◆ Supplied information
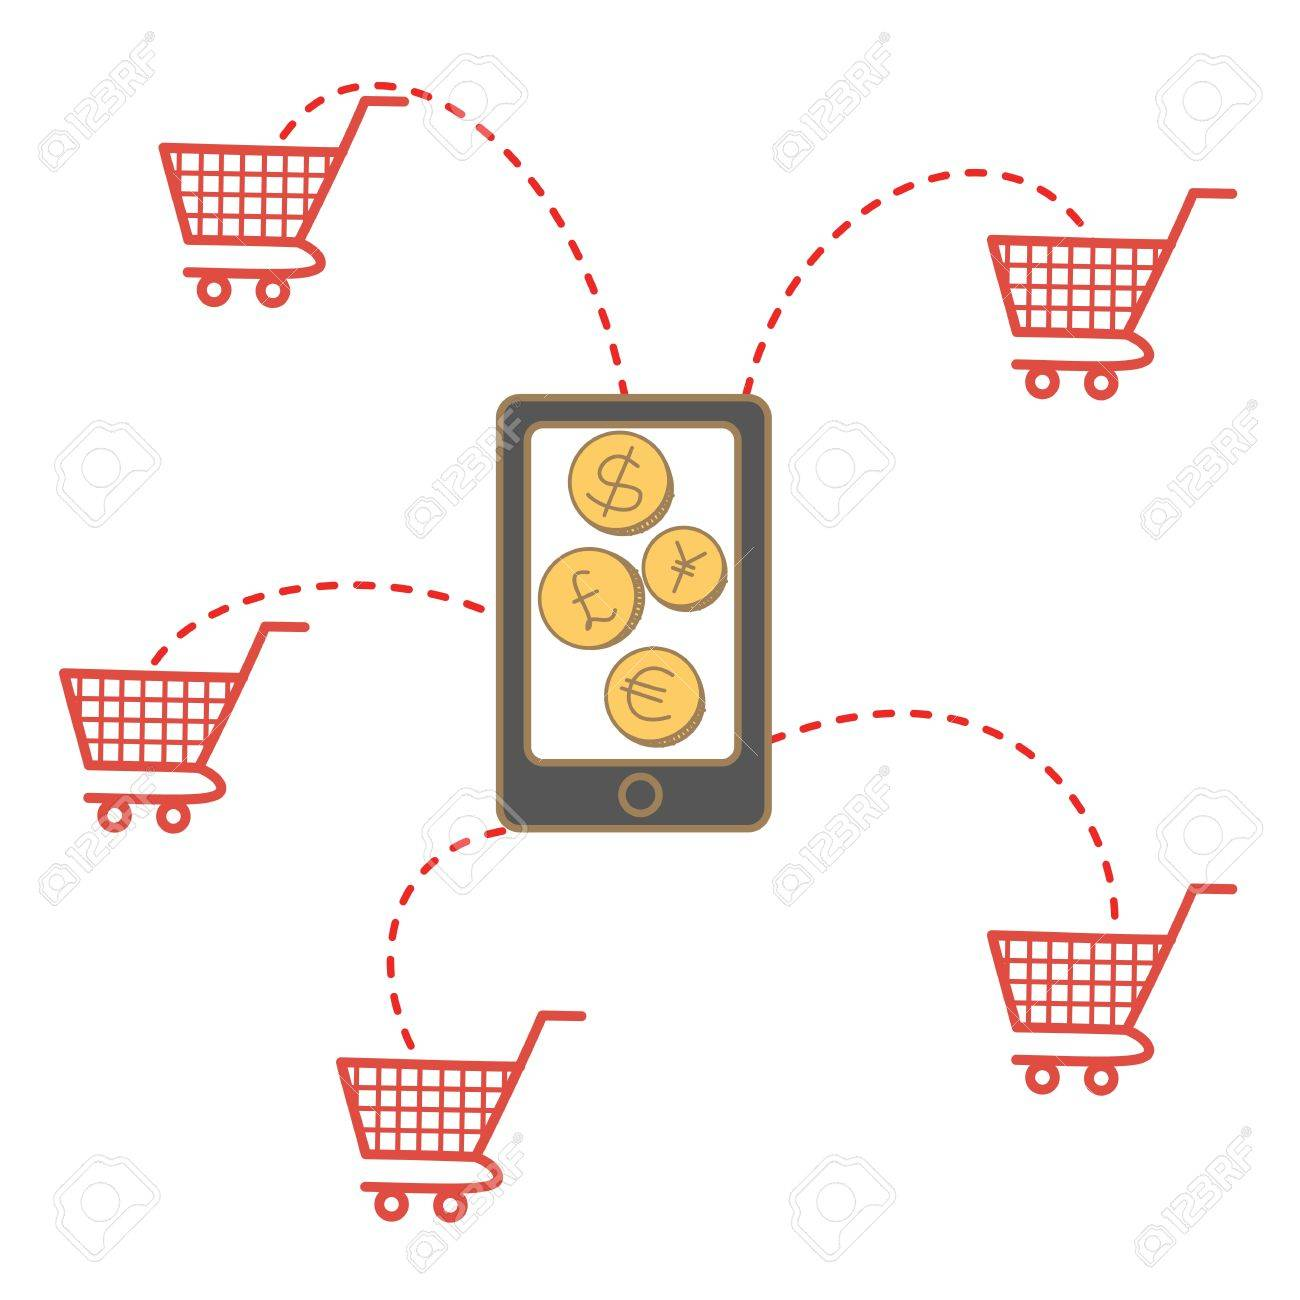 cartoon drawing of shopping via mobile Stock Vector - 17414601
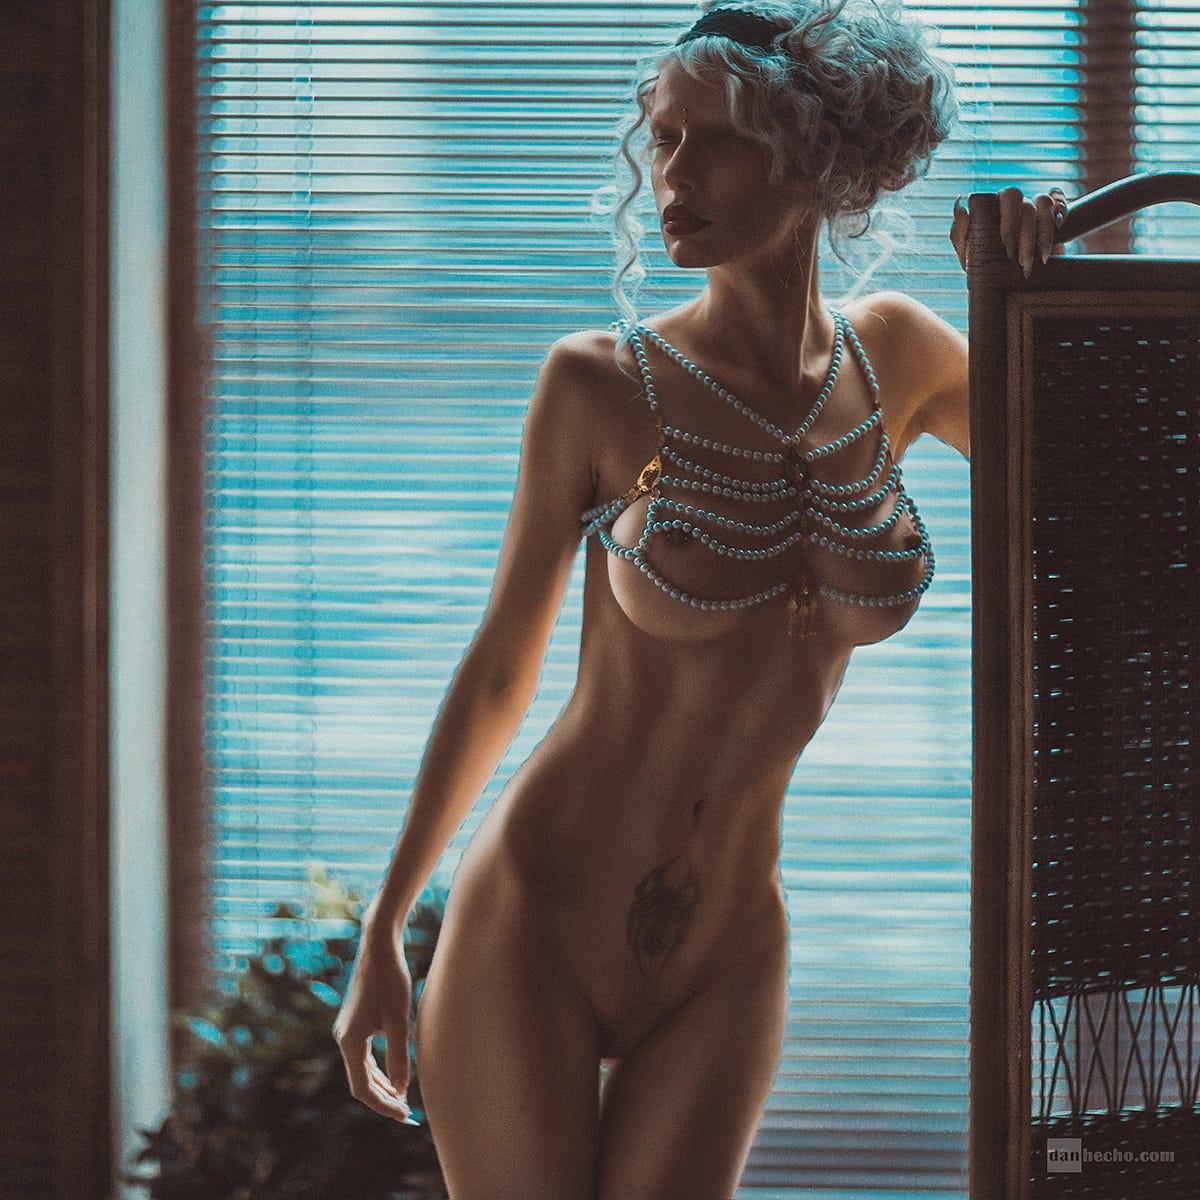 Красивая эротика /фотограф Дан Хечо
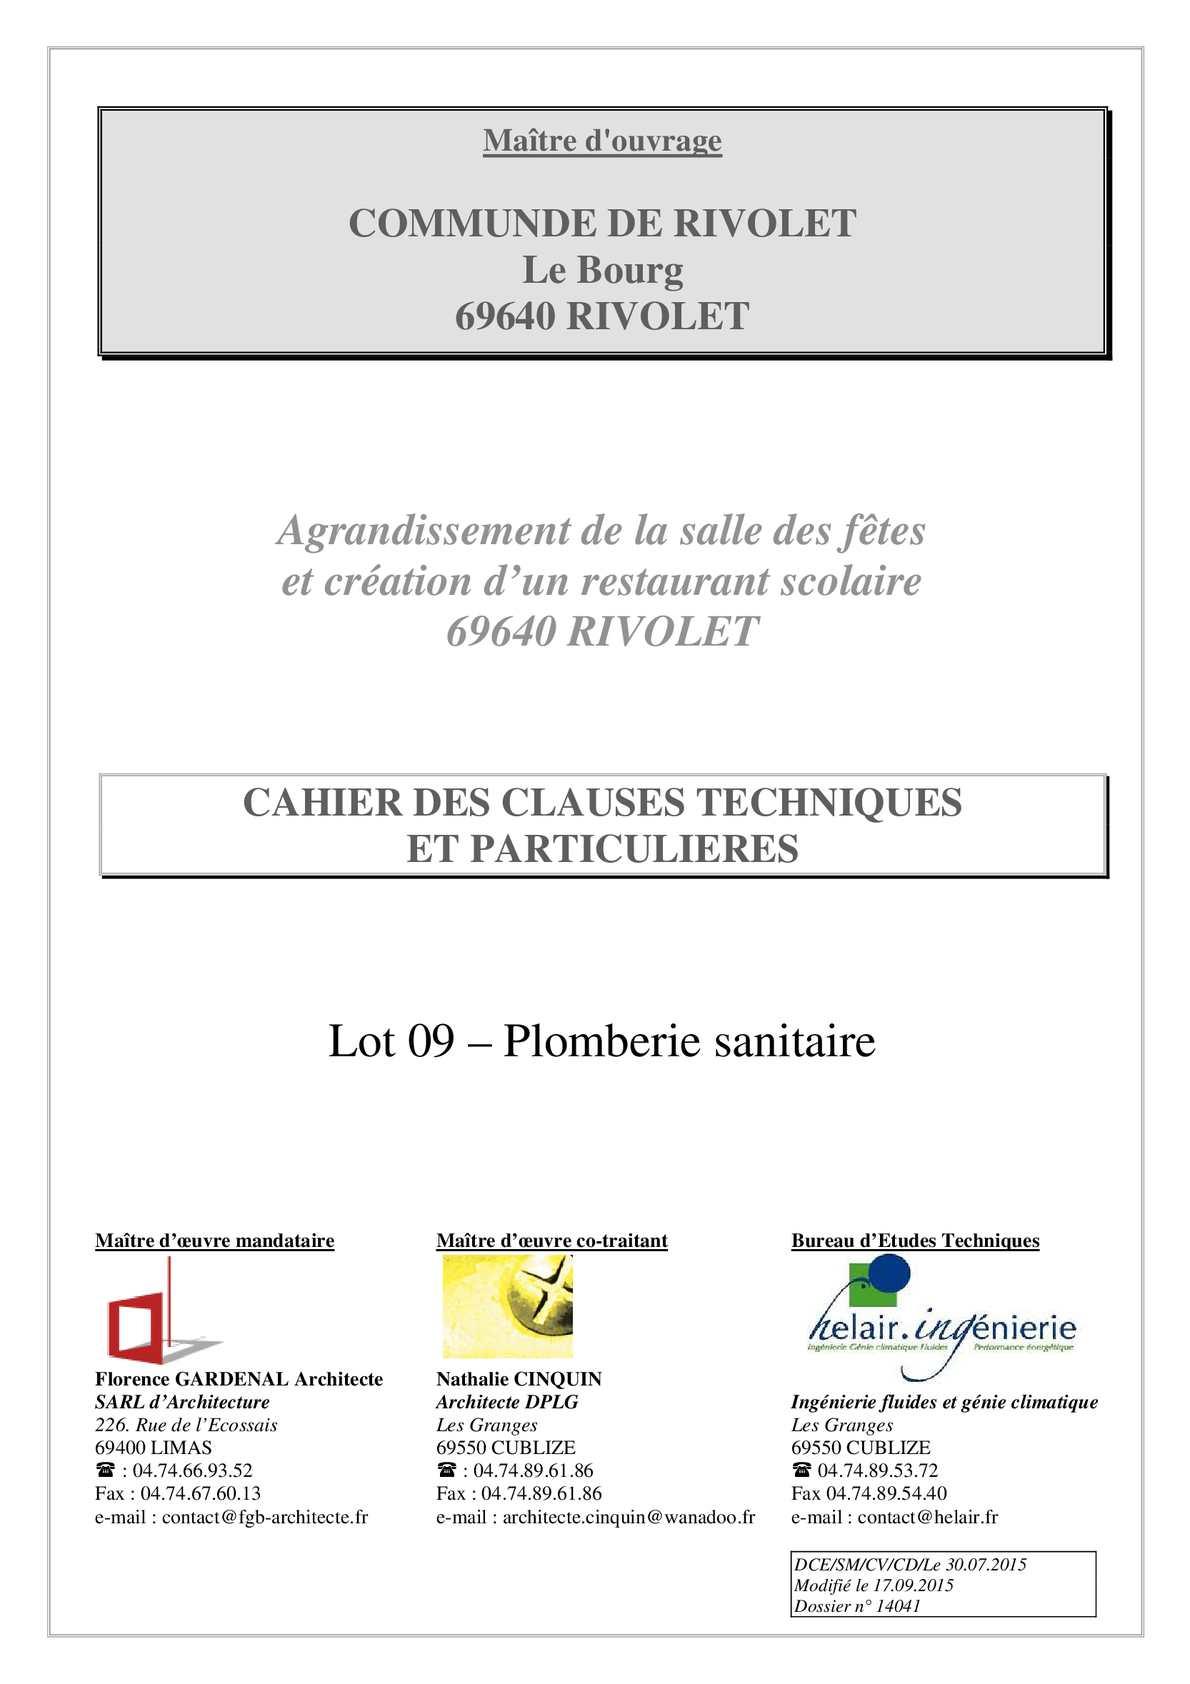 calam o rivolet cctp lot 09 plomberie sanitaire le 30 07
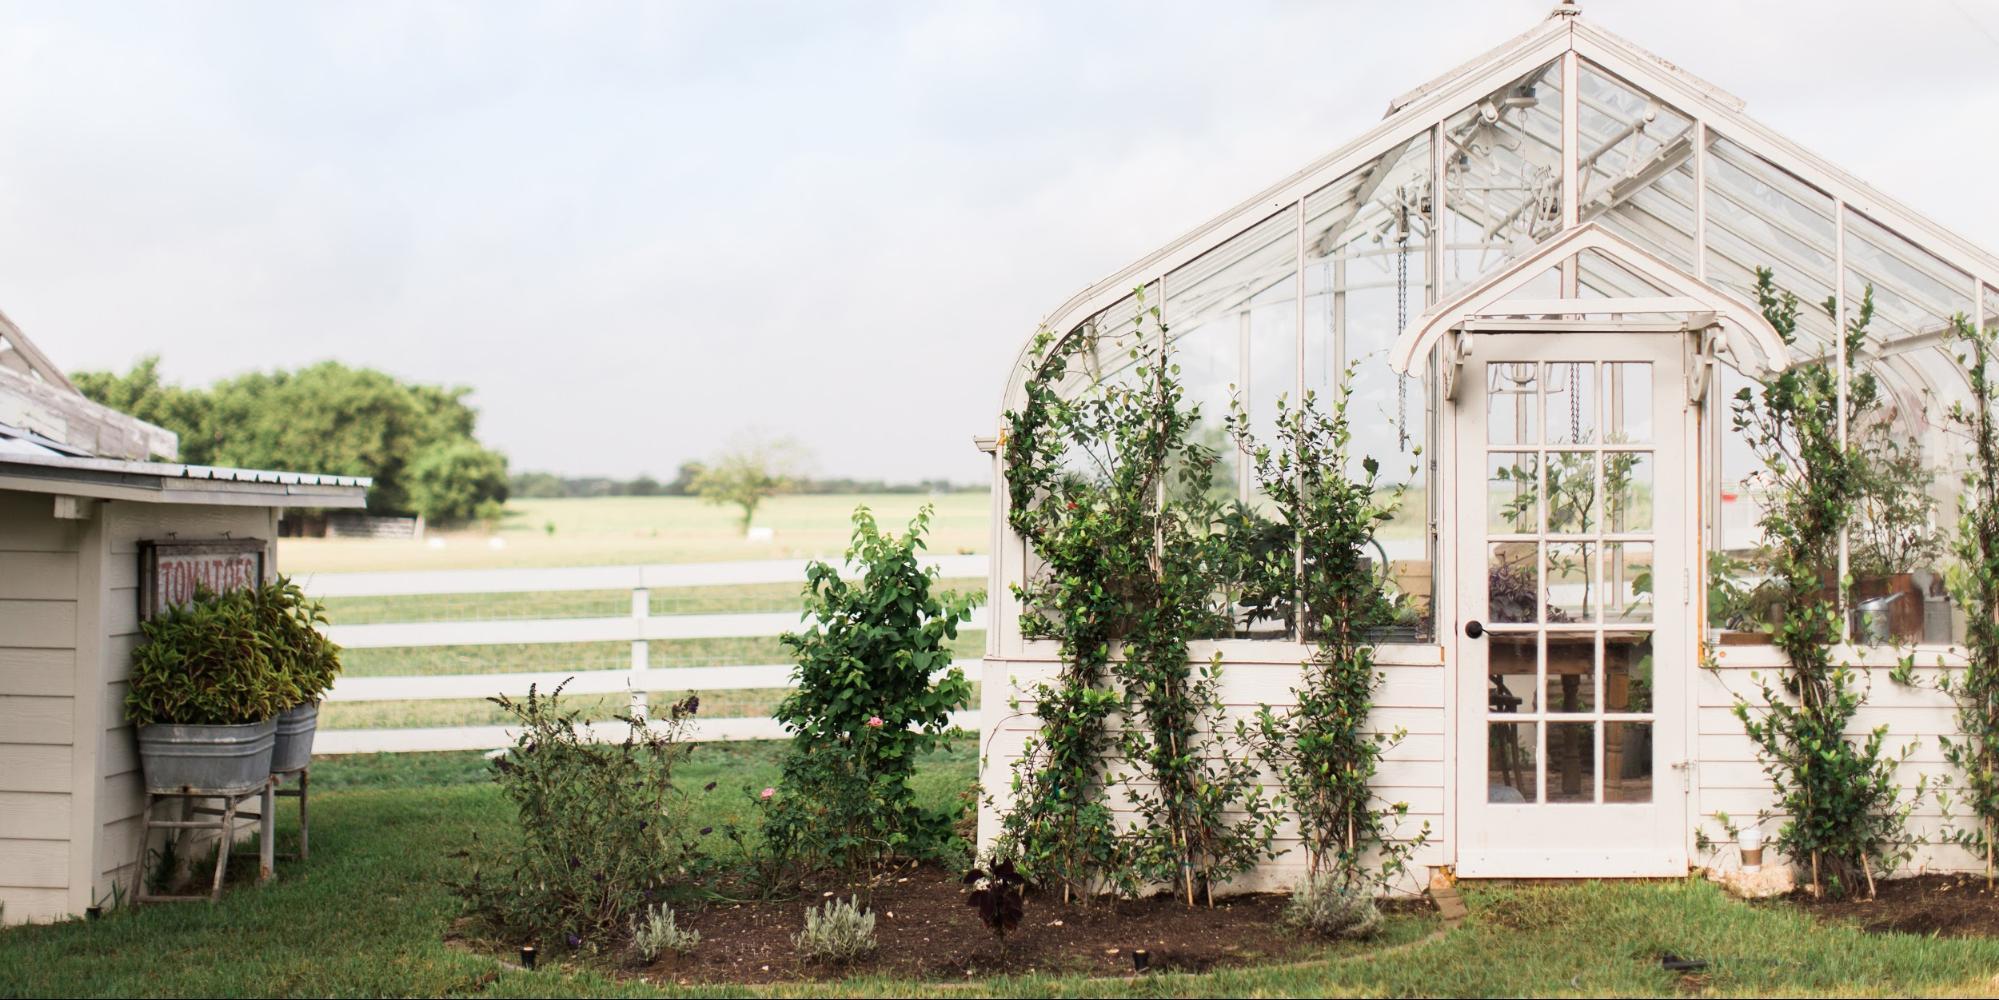 Greenhouse joanna gaines

◆ Task directions
An exact copy of every line above, minus the pictures, is the required output.

◆ Solution
 cartoon drawing of shopping via mobile Stock Vector - 17414601
 Красивая эротика /фотограф Дан Хечо
 calam o rivolet cctp lot 09 plomberie sanitaire le 30 07
 Greenhouse joanna gaines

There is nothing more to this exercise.